En el siglo XV los japoneses hicieron del Té, una religión: el Teísmo. El teísmo es un culto para adorar lo bello, de entre la vulgaridad cotidiana. Es, a partir de la magia de la sencillez y la frugalidad, hacer un himno a la pureza y la armonía de una reunión social o familiar imperfecta pero purificadora.
La ceremonia del té deja patente que el bienestar está en lo simple y económico no en
lo complejo ni en el despilfarro, en lo saludable e higiénico, no en el exceso de la gula. Pero por sobre todas las cosas, enaltece una verdadera democracia y fraternidad entre los seres humanos y paradójicamente, una aristocracia basada en el buen gusto de lo sencillo y natural.
Más tarde me alejé por muchos años del té y las infusiones al tiempo que me alejaba de la mezclilla tan inapropiada para profesionistas que atienden juntas, reuniones con Ejecutivos, autoridades, y colegas exitosos. La mezclilla hace 40 años, dividía a los humanos según su condición social. Hoy no es así.

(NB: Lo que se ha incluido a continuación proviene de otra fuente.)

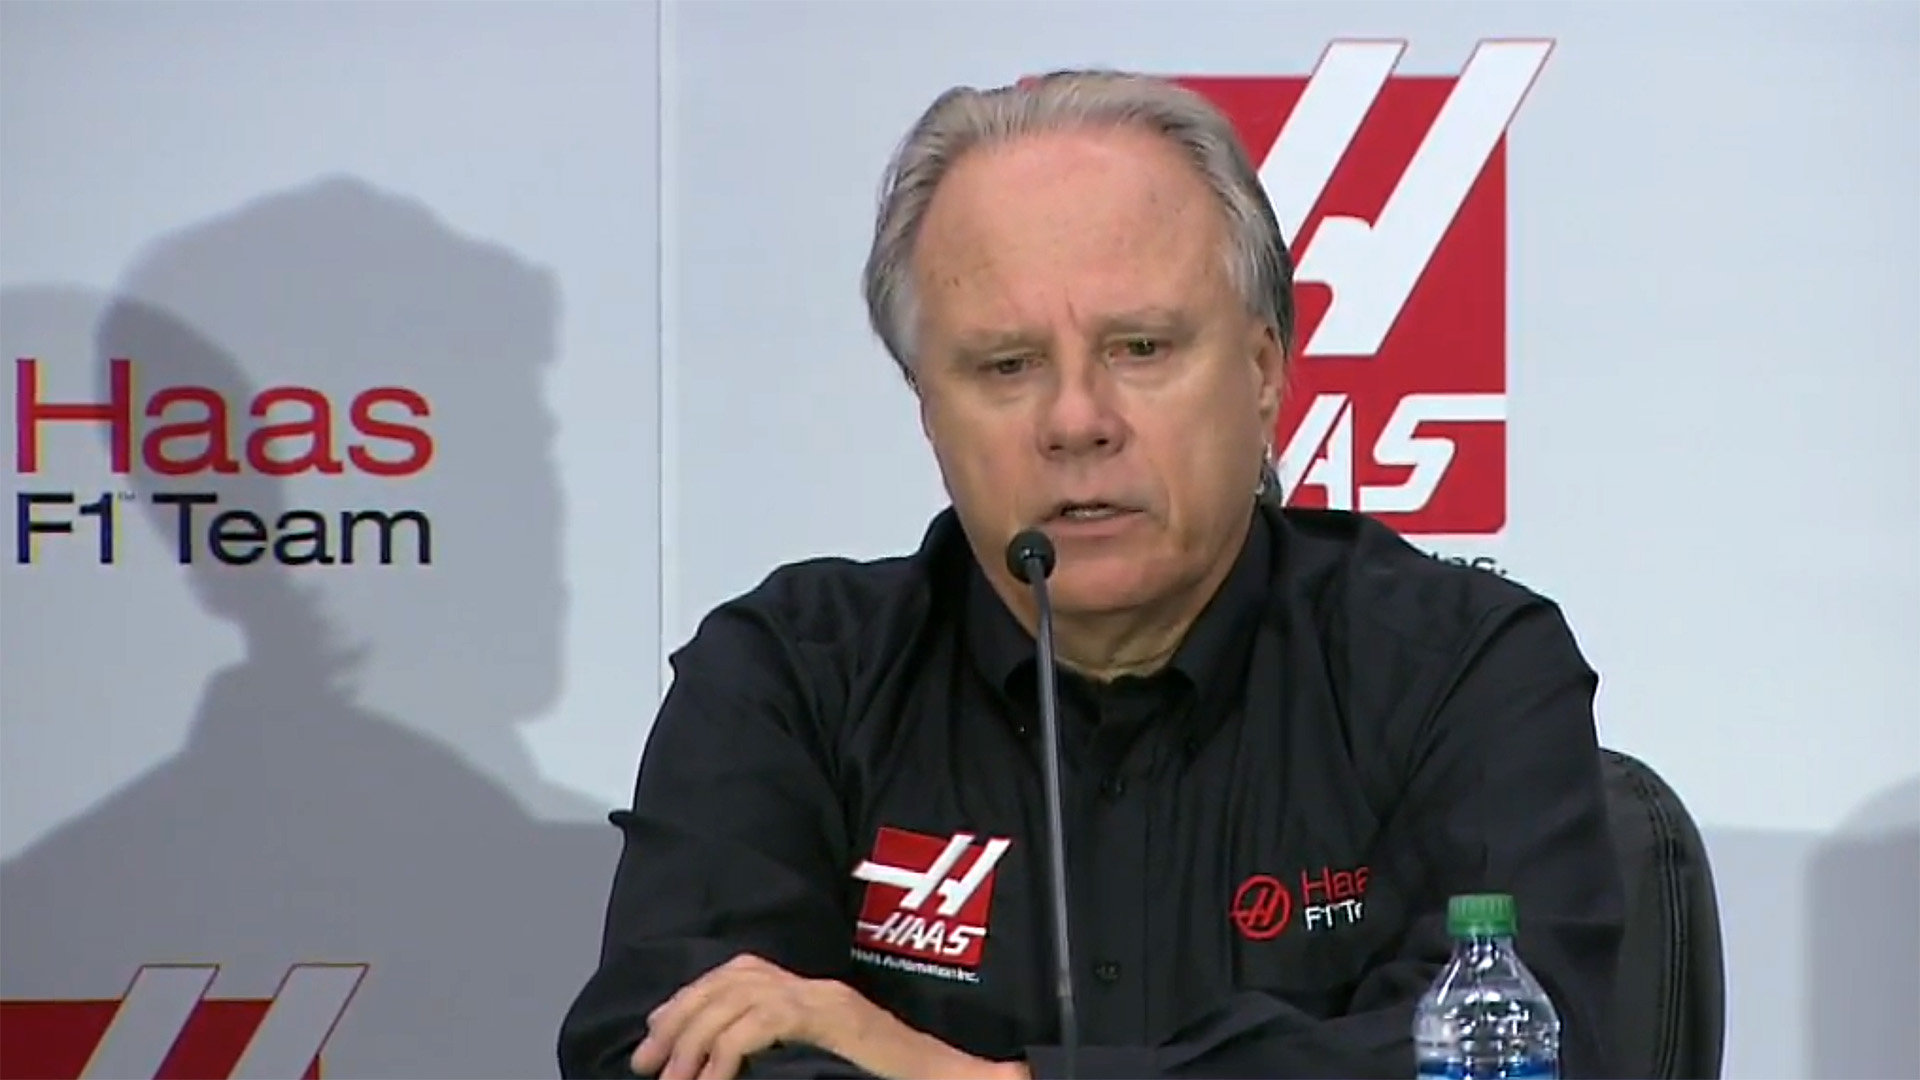 Gene Haas, majitel týmu Haas F1

Con el tiempo los trajes de casimir, y accesorios indispensables empezaron a pesarme tanto como la deshidratación que me provocaba el café así como la molestia de cobrar conciencia a mi alrededor de que el otrora simple, austero y reconfortante café de casa o cafetería se había convertido con rapidez sorprendente en factor importante de auto estima, status, aceptación social, que divide, no acerca pues pocos pueden pagar $40 y más por un café cremoso.
De pronto el café, aún en nuestro país de tradición cafetalera, se volvió en un signo dea aristocracia, pero no al modo japonés, el aristos de la sencillez que une, sino en el aristos del status que da excluir a los que no pueden comprar un café de $40. Cada uno decide su bebida, sus preferencias, solo los exhorto a que lo hagan en libertad y conciencia.
Volví al té. Los antioxidantes del té verde, el aroma seductor de una infusión de guayaba con canela, o de una menta que cultivo en una maceta que riego cada tres días y que compré por $8, junto con sendos vasos de agua simple que bendigo cada día y que me han devuelto la energía, hidratación y funcionalidad que había perdido con lácteos, cafeína y azúcares, son un regalo de la naturaleza, de mi conciencia y amor por lo simple. Me acompañan a donde quiera que voy, pero lo que más aprecio es lo que ninguna franquicia te puede vender, que los japoneses supieron atesorar, y que yo, de entre el mitote –en el sentido tolteca- urbano en el que vivimos sin parar, pude encontrar: el tiempo para disfrutar, sentada y en compañía, una taza de té, simple y llana, casera y con una elegancia y humildad que, verdaderamente creo, ennoblece, pues eleva la conciencia de lo que es la esencia del ser humano: amor y libertad.
También volví a la mezclilla que encuentro ahora cómoda, versátil, linda por simple y que me acerca a los demás: a los jóvenes para los que no hay otro material posible para hacer pantalones; al trabajador de la urbe y del campo, a hombres y mujeres por igual, pues la mezclilla es mezclilla, sea de tianguis o de diseñador.
Y con mezclillas y té en mano y el sol detrás, me río de los que hubiesen querido programarme y lo siguen intentando por todos los medios (hasta el cascarón del huevo será ya un medio para publicitar marcas) para que desee comprar lo que ellos quieren que compre, para que necesite a diario lo que hasta ahora no he necesitado, para que mi autoestima, dignidad y felicidad dependan de desear consumir una y otra vez.
Y yo les digo consuman lo que ustedes decidan, lo que los acerque a niveles superiores de humanidad, ejerzan su libertad a cada momento. No sean vasallos ni tiranos, no sobajen ni se sometan. Busquen su esencia que no está en consumir para ser.
Sean amos y señores, amas y señoras, no títeres ni emuladores. Emular lo que hacen otros para ser aceptados en sociedad no los hará más felices ni más respetables. Es una falsa y esclavizante ilusión pues el truco del consumismo está en jamás satisfacer necesidades, sino crear nuevas, todos los días, de modo que es una banda sin fin, una trampa en movimiento, que desafortunadamente solo descubrimos y esquivamos con la madurez y la introspección, la conciencia, con la búsqueda de la esencia de nosotros mismos, de nuestra felicidad, de nuestra razón de existir aquí y ahora.